Let $(\Omega,\mathcal{F},P)$ be a probability space which supports a Brownian motion $X$, and let $\{\mathcal{F}_t\}$ be the (augmented) Brownian filtration (generated by $X$). Define the process $Z$ as

\[Z_t := \exp\left( \int_0^t b(s,X_s) dX_s - \tfrac{1}{2} \int_0^t \|b(s,X_s)\|^2 ds \right), \quad 0\le t \le T.\]

Due to the Benes condition (see, Karatzas & Shreve, Corollary 3.5.16), $Z$ is a martingale under $P$. Define the measure $Q$ via its Radon-Nikodym derivative $\frac{dQ}{dP} = Z_T$. By applying the Girsanov theorem, the process $W$ as defined by

\[W_t := X_t - X_0 - \int_0^t b(s,X_s)ds, \quad 0\le t \le T\]

is a Brownian motion with $Q(W_0 = 0) = 1$. It is easy to check that $(X,W)$ and $(\Omega,\mathcal{F}, \{\mathcal{F}_t\}, Q)$ constitute a weak solution to $(\dagger)$.

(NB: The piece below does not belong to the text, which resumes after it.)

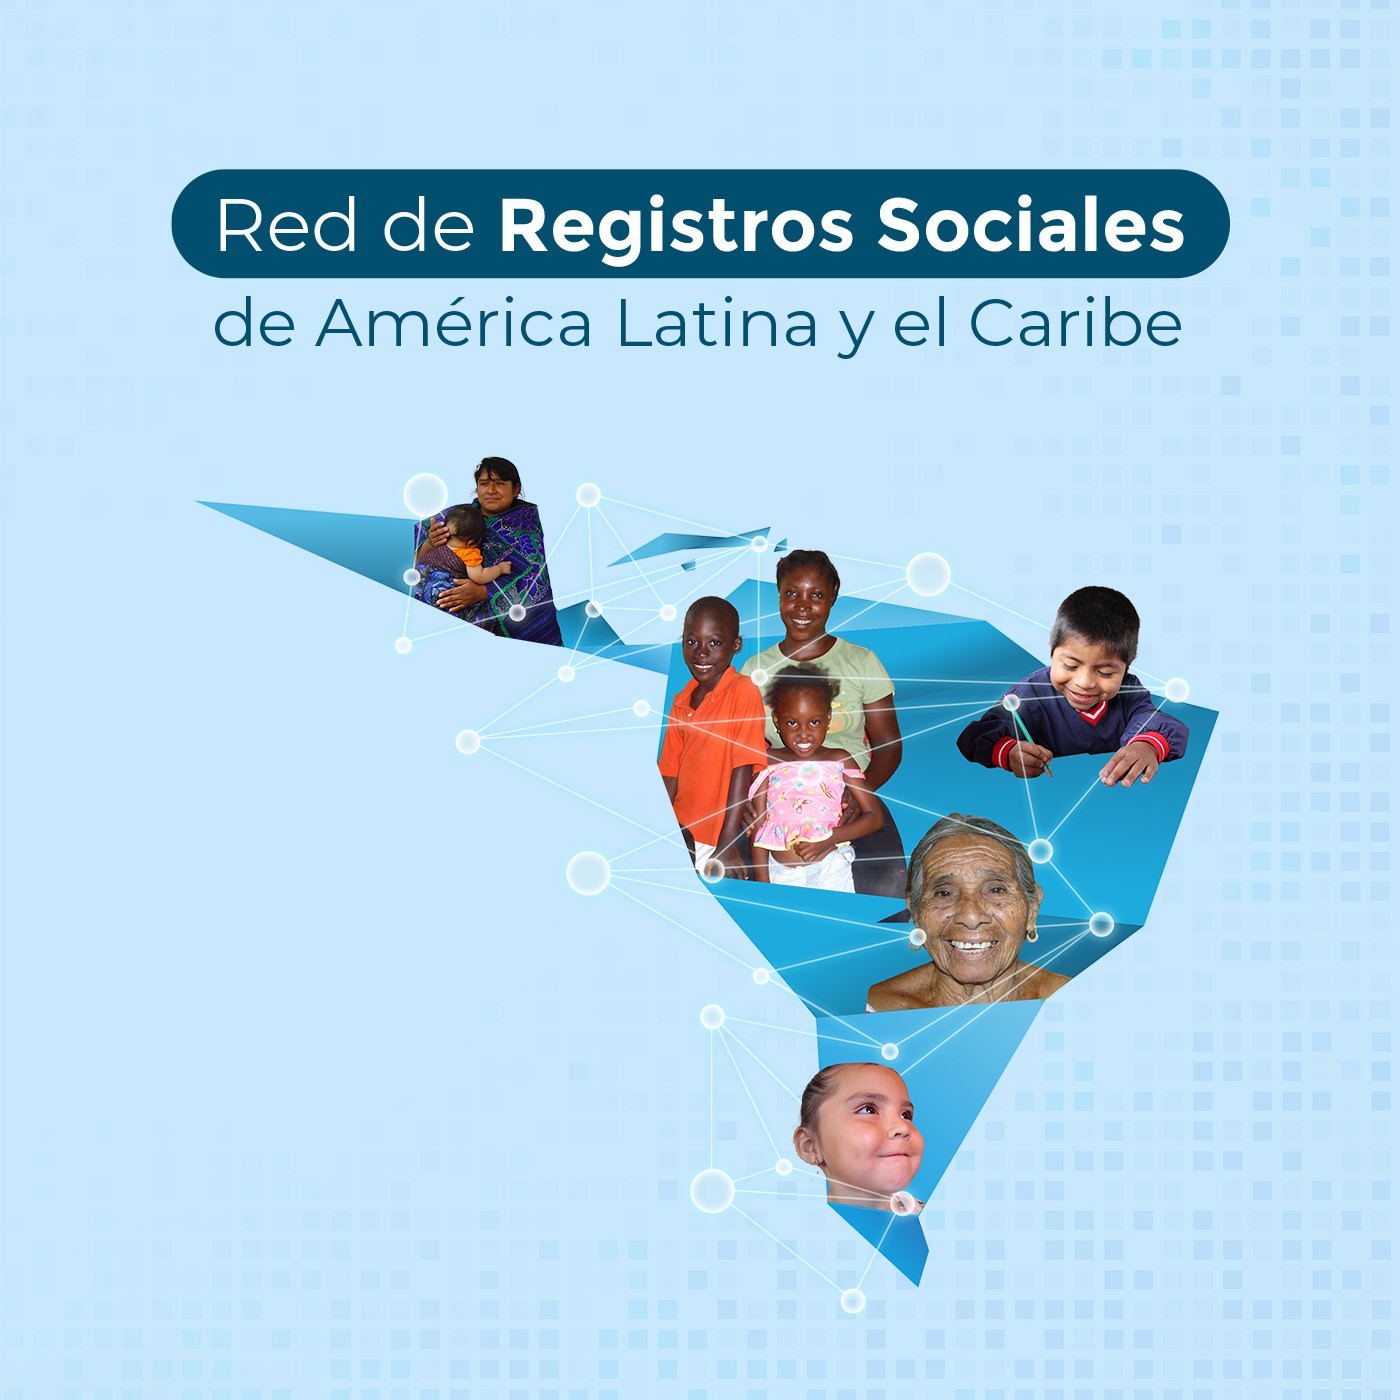 Red de Registros Sociales de los países de América Latina y el Caribe

This example demonstrates the peculiarity of adaptedness. For a strong solution, we require $X_t$ to be $\{\mathcal{F}_t^W\} = \sigma(W_s;s\le t)$-measurable. On the other hand, the weak solution constructed above gives the “opposite” in some sense; here, $W_t$ is $\{\mathcal{F}_t^X\} = \sigma(X_s;s\le t)$-measurable. This distinction is important, and it leads to different interpretations of solutions. Weak solutions provide a very probabilistic interpretation, since to provide a weak solution is essentially to construct a measure. On the other hand, strong solutions allow us to make parallels to deterministic dynamical systems. That is, if an SDE has a strong solution, it can reasonably be interpreted as “an ODE with noise”, and Wong-Zakai type approximations should hold.

Weak but not strong

Given that we have two notions of solution, we should have some examples which explicitly demonstrate that they are in fact distinct. There is also an important philosophical question of what it means to be a weak solution; that is, if the randomness of $X$ cannot be explained entirely through $W$, then where is this “extra randomness” coming from, and how should we interpret it?

Tanaka example

Consider the SDE with drift $b(x) \equiv 0$ and diffusion $\sigma(x) = \text{sgn}(x)$. That is,

\[X_t = \int_0^t \text{sgn}(X_s) dW_s. \tag{$\ddagger$}\]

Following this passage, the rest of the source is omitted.